Psilocybe makarorae is a species of psilocybin mushroom in the family Hymenogastraceae. Officially described as new to science in 1995, it is known only from New Zealand, where it grows on rotting wood and twigs of southern beeches. The fruit body (mushroom) has a brownish cap with lighter coloured margins, measuring up to 3.5 cm wide. The cap shape is either conical, bell-shaped, but as the mushroom grows, it expands to become convex, and it features a prominent umbo. Although the whitish stipe does not form a true ring, it retains remnants of the partial veil that covers and protects the gills of young fruit bodies. P. makarorae mushrooms can be distinguished from the similar North American species Psilocybe caerulipes by microscopic characteristics such as the presence of cystidia on the gill faces (pleurocystidia), and cheilocystidia (found on the gill edges) with more elongated necks. Based on the bluing reaction to injury, P. makarorae is presumed to contain the psychedelic compounds psilocybin and psilocin.

==Taxonomy==
The species was first mentioned in the literature in 1981, when Pierre Margot and Roy Watling described a specimen collected in 1969 by Grace Marie Taylor near the Franz Josef Glacier as an unnamed Psilocybe with affinities to the North American species Psilocybe caerulipes. It was officially described as new to science in 1995 by mycologists Peter R. Johnston and Peter K. Buchanan.

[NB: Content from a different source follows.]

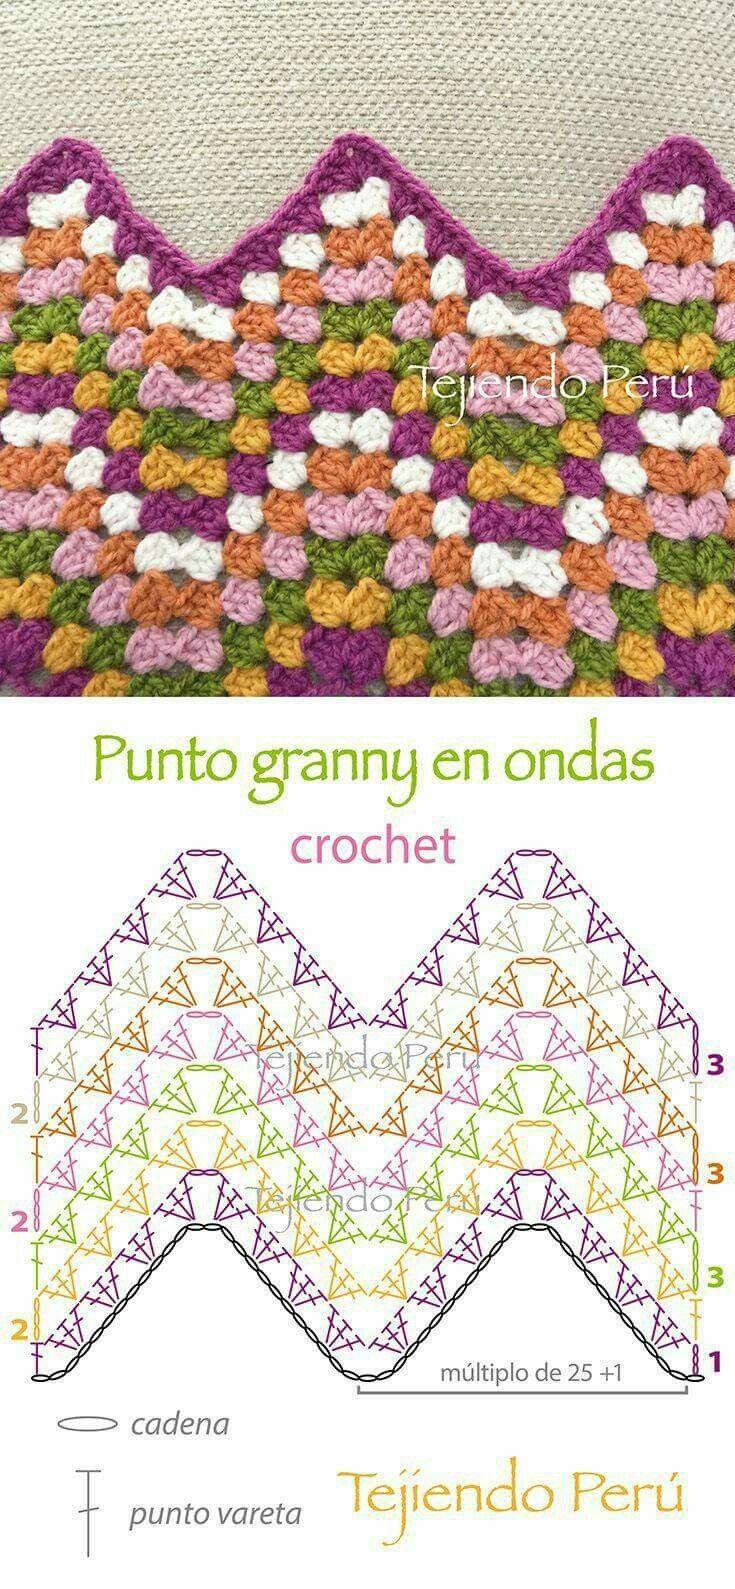 Pin by Devon Mance on crochet | Pinterest | Crochet, Crochet ...

The type material was collected in 1990, near the Haast Pass crossing the Makarora River. The specific epithet makarorae refers to the type locality. P. makarorae is classified in Gastón Guzmán's section Cyanescens and is closely related to Psilocybe subaeruginosa.

==Description==
The cap is initially conical to bell shaped, but as the mushroom grows, it expands to become convex with a prominent umbo, and attains a diameter of 15–55 mm. The cap surface is dry to slightly tacky. Its colour is yellow-brown to orange-brown, often paler towards the margin, which has fine striations corresponding to the gills on the underside. The flesh is white. Gills have an adnexed attachment to the stem, and are pale greyish brown. The whitish stipe is 30–60 mm long by 2–4 mm wide. It is cylindrical, with a surface of pressed silky fibrils. The base of the stem is often brownish, with white rhizoids present. The veil of young fruit bodies is cortinate—resembling the cobweb-like partial veil found in Cortinarius species. As the mushroom grows, its remnants often remain visible on the stem, but it never forms a complete ring. Both the cap and the stem stain greenish-blue when damaged.

The spore print is dark purplish brown. Spores typically measure 7.5–9.5 by 5.5–6.5 by 4.5–5.5 μm, averaging 8.7 by 6.0 by 5.3 μm. Its shape in face view is ovate (egg-shaped) to roughly rhomboid, while viewed from the side it appears elliptical. The spore wall is brown, smooth, about 0.8–1 μm thick, and has a germ pore. The basidia (spore-bearing cells) are four-spored and somewhat club-shaped, tapering slightly to the base; they are clamped, and measure 25–31 by 7–8.5 μm.

The cheilocystidia (cystidia on the gill edge) have dimensions of 18–26 by 6–9 μm, and a shape ranging from ventricose-rostrate (broad in the middle and tapering to a beaklike neck) to mucronate (ending abruptly in a short sharp point). They are hyaline (translucent), thin-walled, and clamped, with necks that are 3–5 μm long. The pleurocystidia (cystidia on the gill face) are similar in shape to cheilocystidia, but narrower (4–8 μm wide), and usually have a shorter neck measuring 2.5–4 μm. The cap cuticle is a cutis (characterised by hyphae that run parallel to the cap surface) of long-celled, 2–3 μm diameter, gelatinised hyphae. The hypodermium (the tissue layer under the cap cuticle) is filamentous, comprising 4–6 μm diameter cells with pale brown walls. Clamps are common. The subhymenium (the tissue layer under the hymenium) is poorly developed, containing 2–4 μm diameter cells with pale brown walls. The tissue comprising the hymenophore is made of short cylindric, 3–6 μm diameter hyaline cells.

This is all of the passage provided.